• [BRIEF]
Repeat every line of the data exactly, but not the pictures.

• [DATASET EXCERPT]
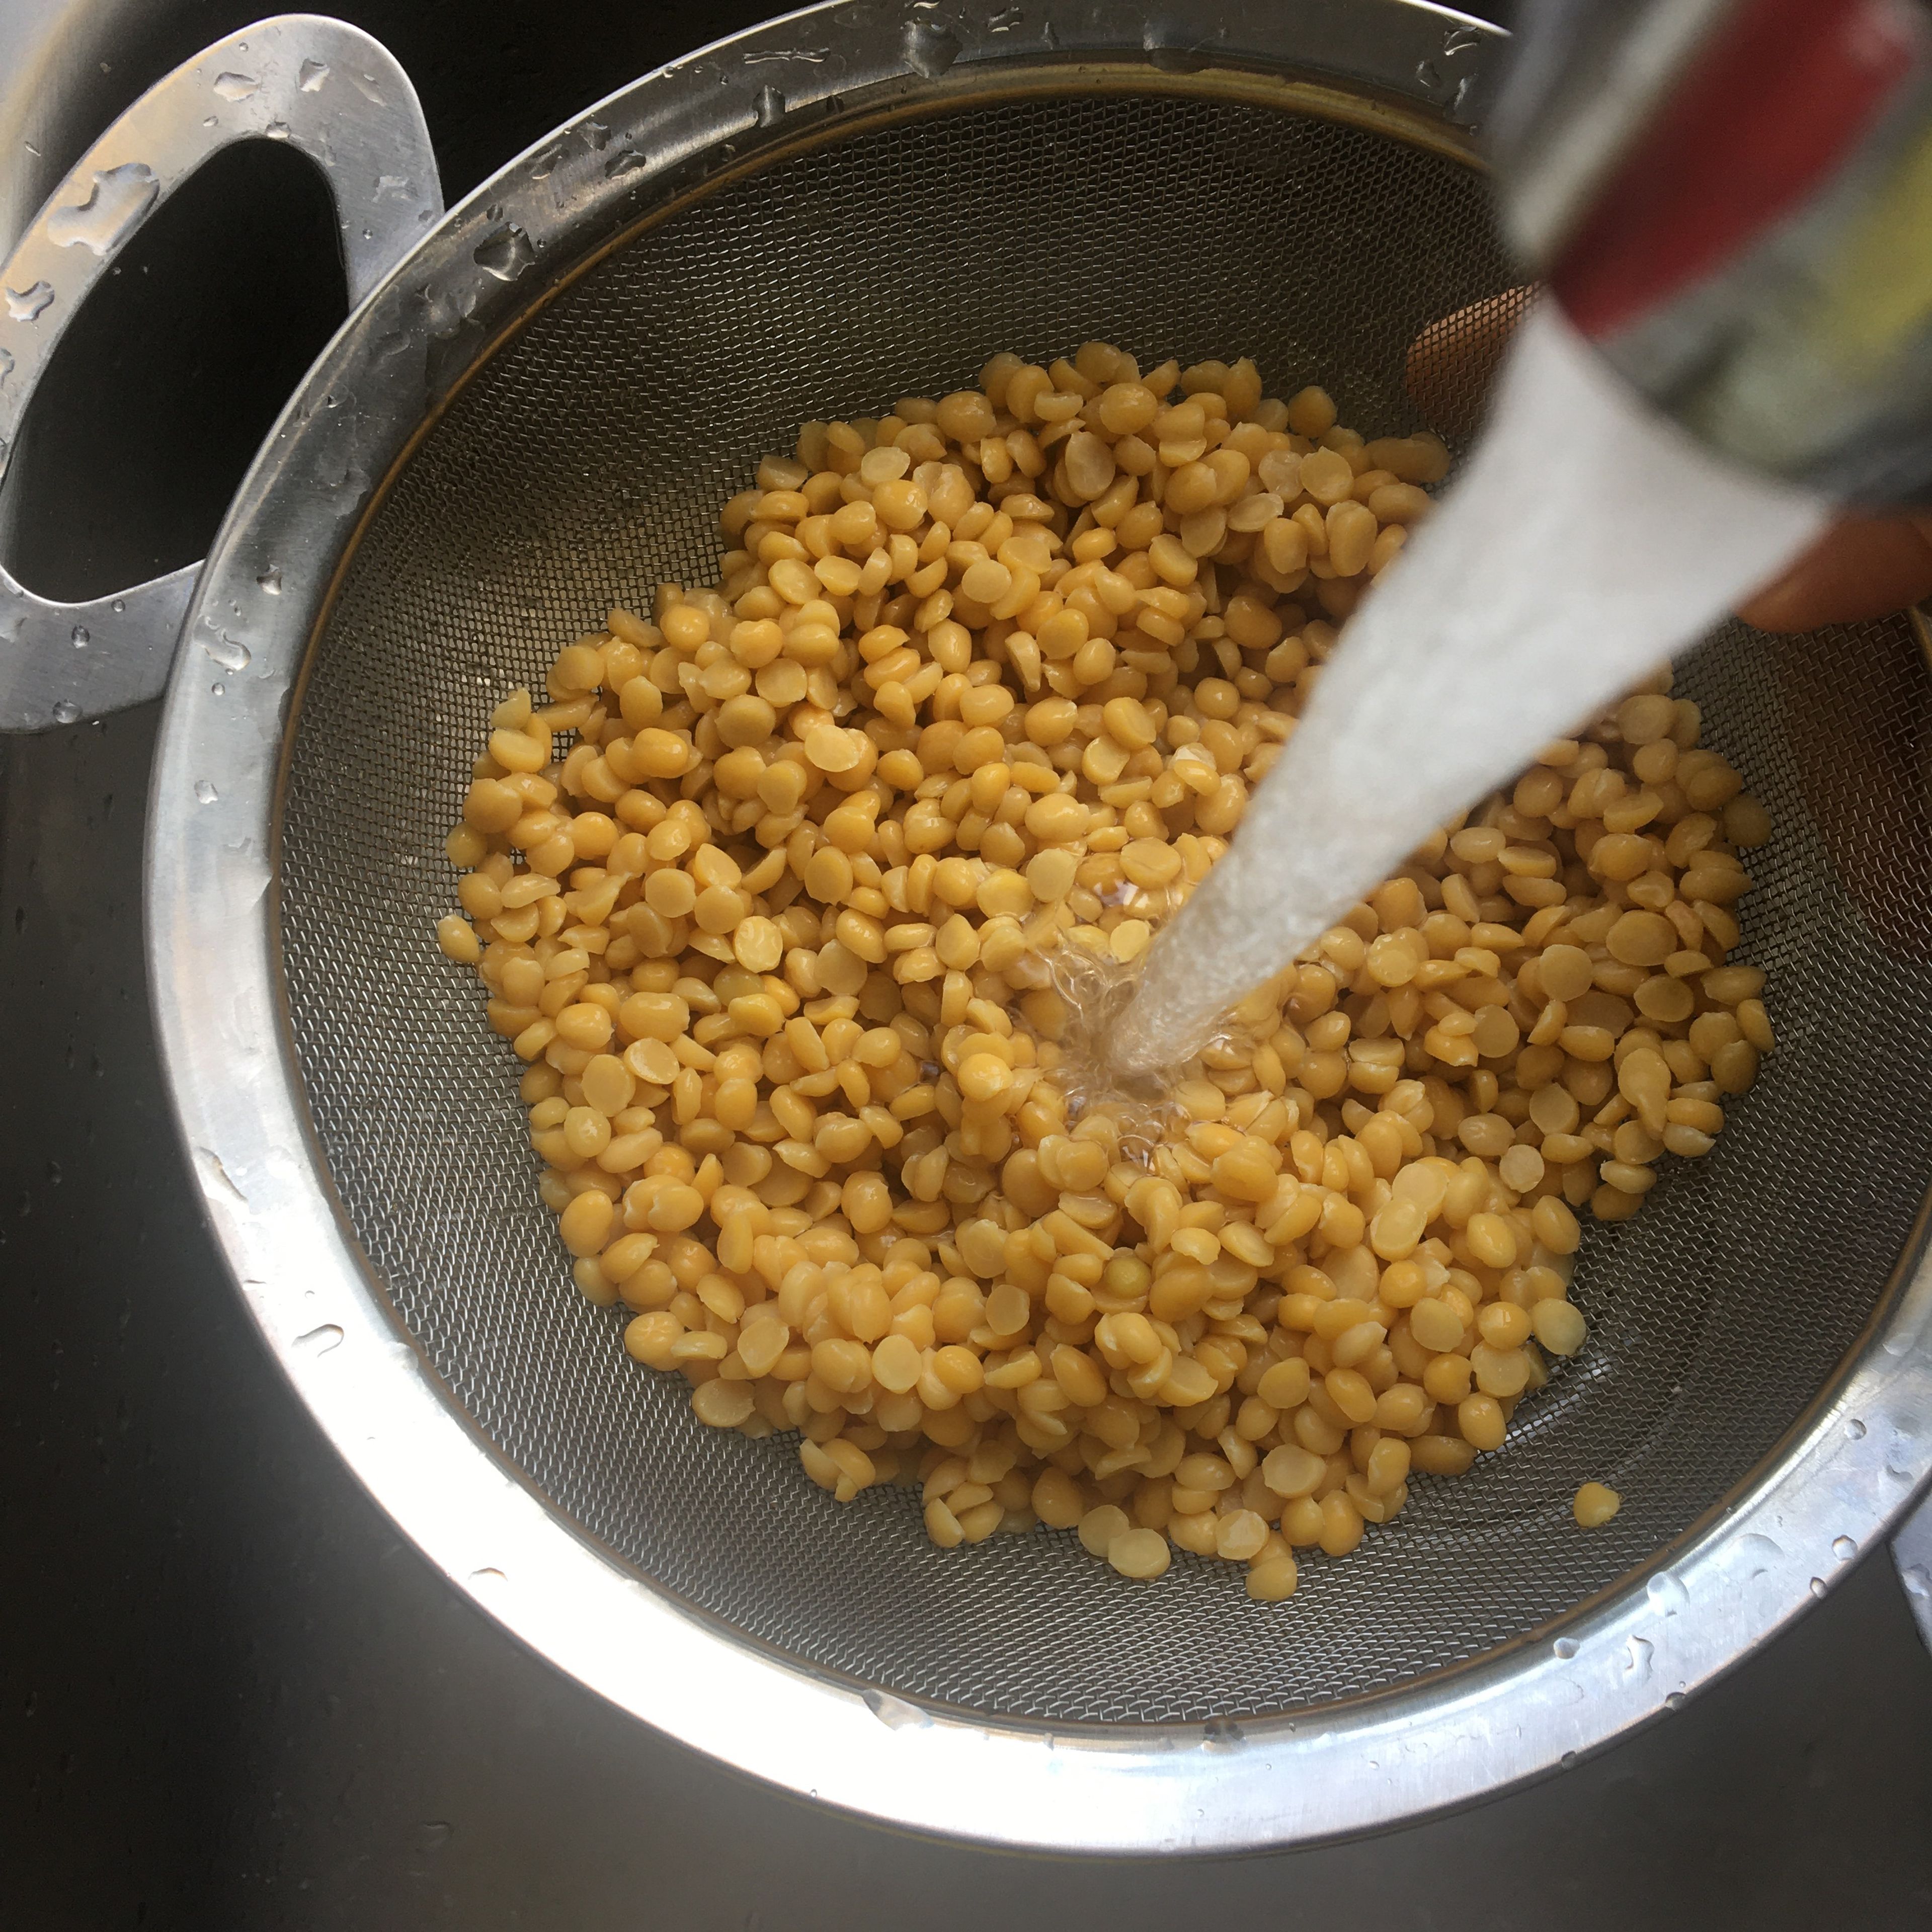 Wash the yellow split peas and soya chunks separately, then let them soak for about 30 min. or more. Cook in two appropriate pots, letting the peas cooked completely but change the soya water once or twice to reduce its unpleasant odor.
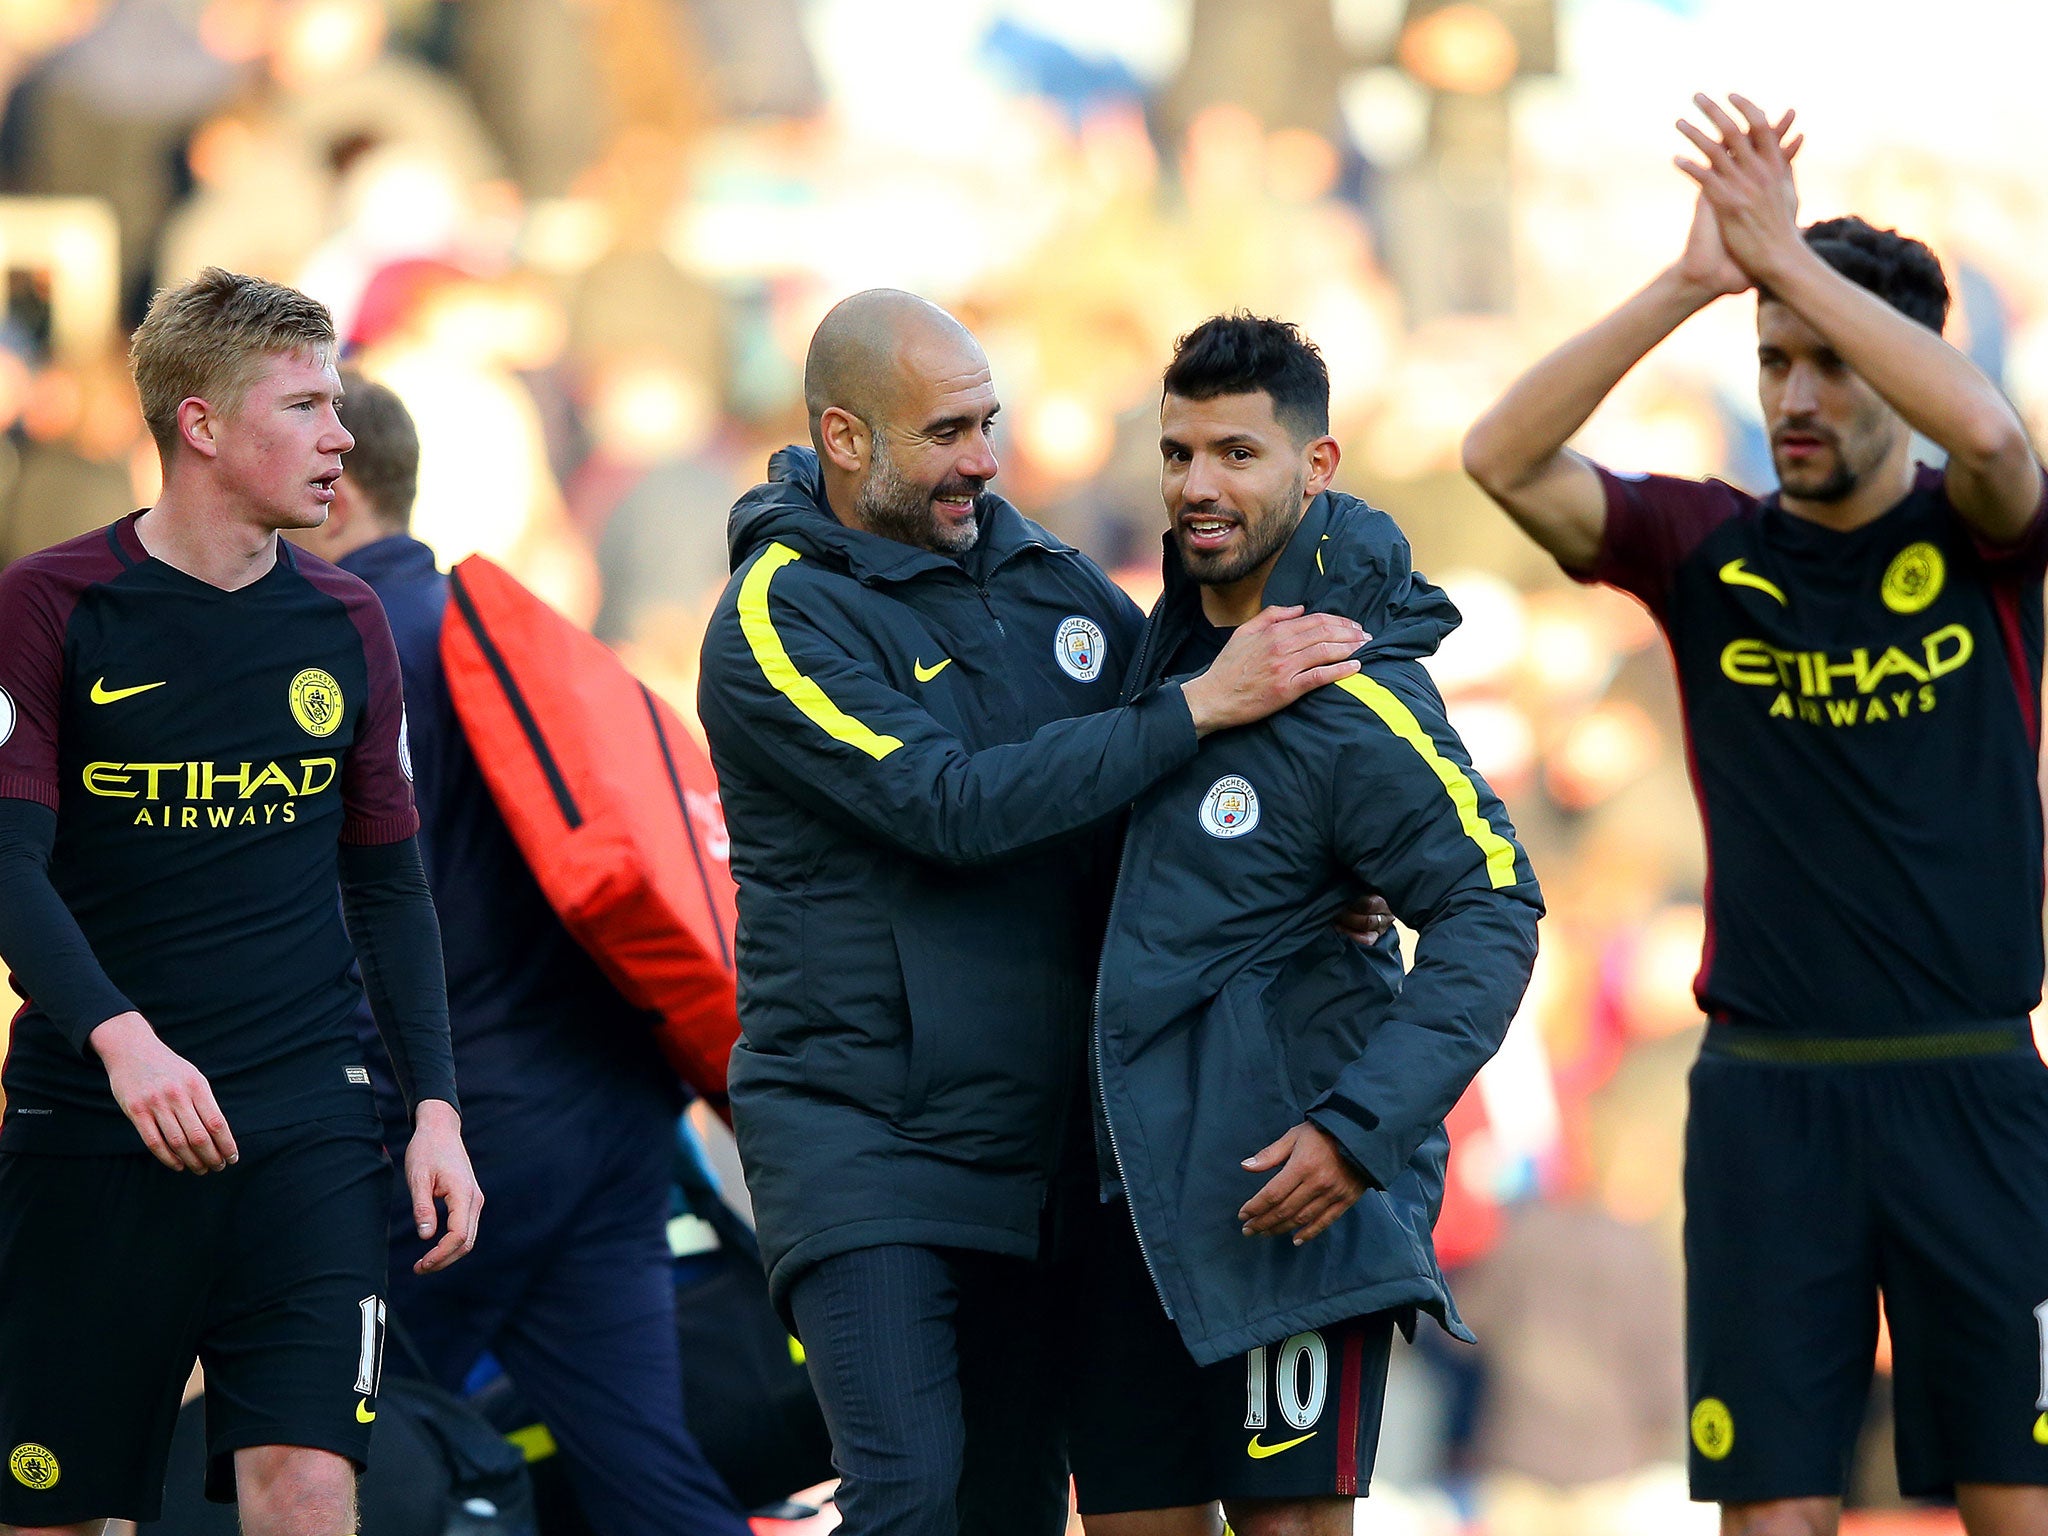 Pep Guardiola congratulates Sergio Aguero, who bagged a brace against Burnley, after the final whistle of Saturday's game
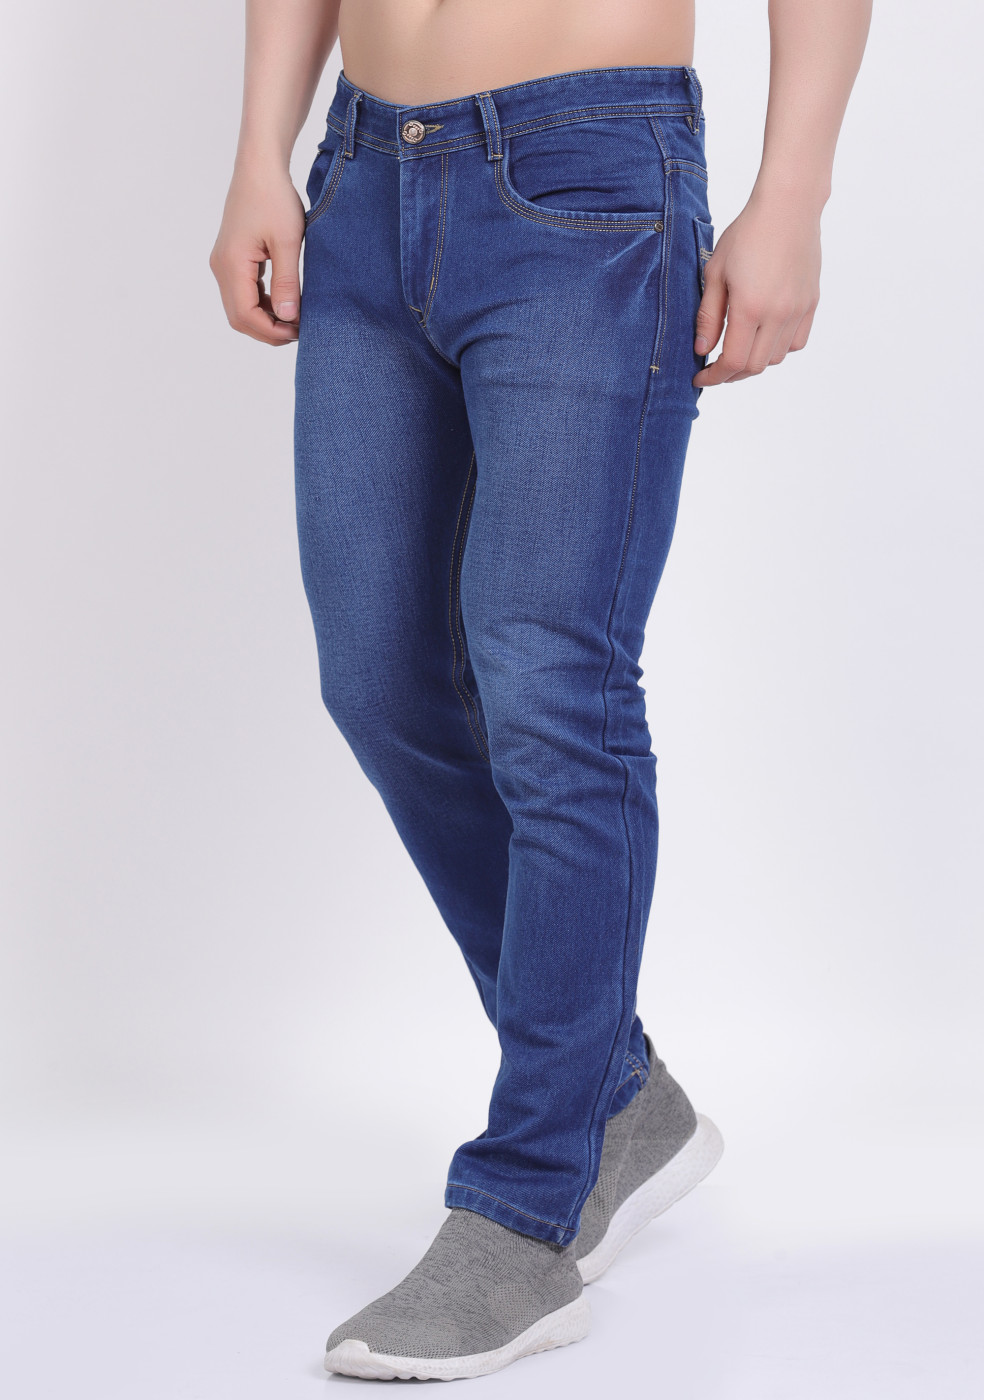 Buy online Stretchable Cotton Jeans For Men

• [PROBLEM SOLUTION]
 Wash the yellow split peas and soya chunks separately, then let them soak for about 30 min. or more. Cook in two appropriate pots, letting the peas cooked completely but change the soya water once or twice to reduce its unpleasant odor.
 Pep Guardiola congratulates Sergio Aguero, who bagged a brace against Burnley, after the final whistle of Saturday's game
 Buy online Stretchable Cotton Jeans For Men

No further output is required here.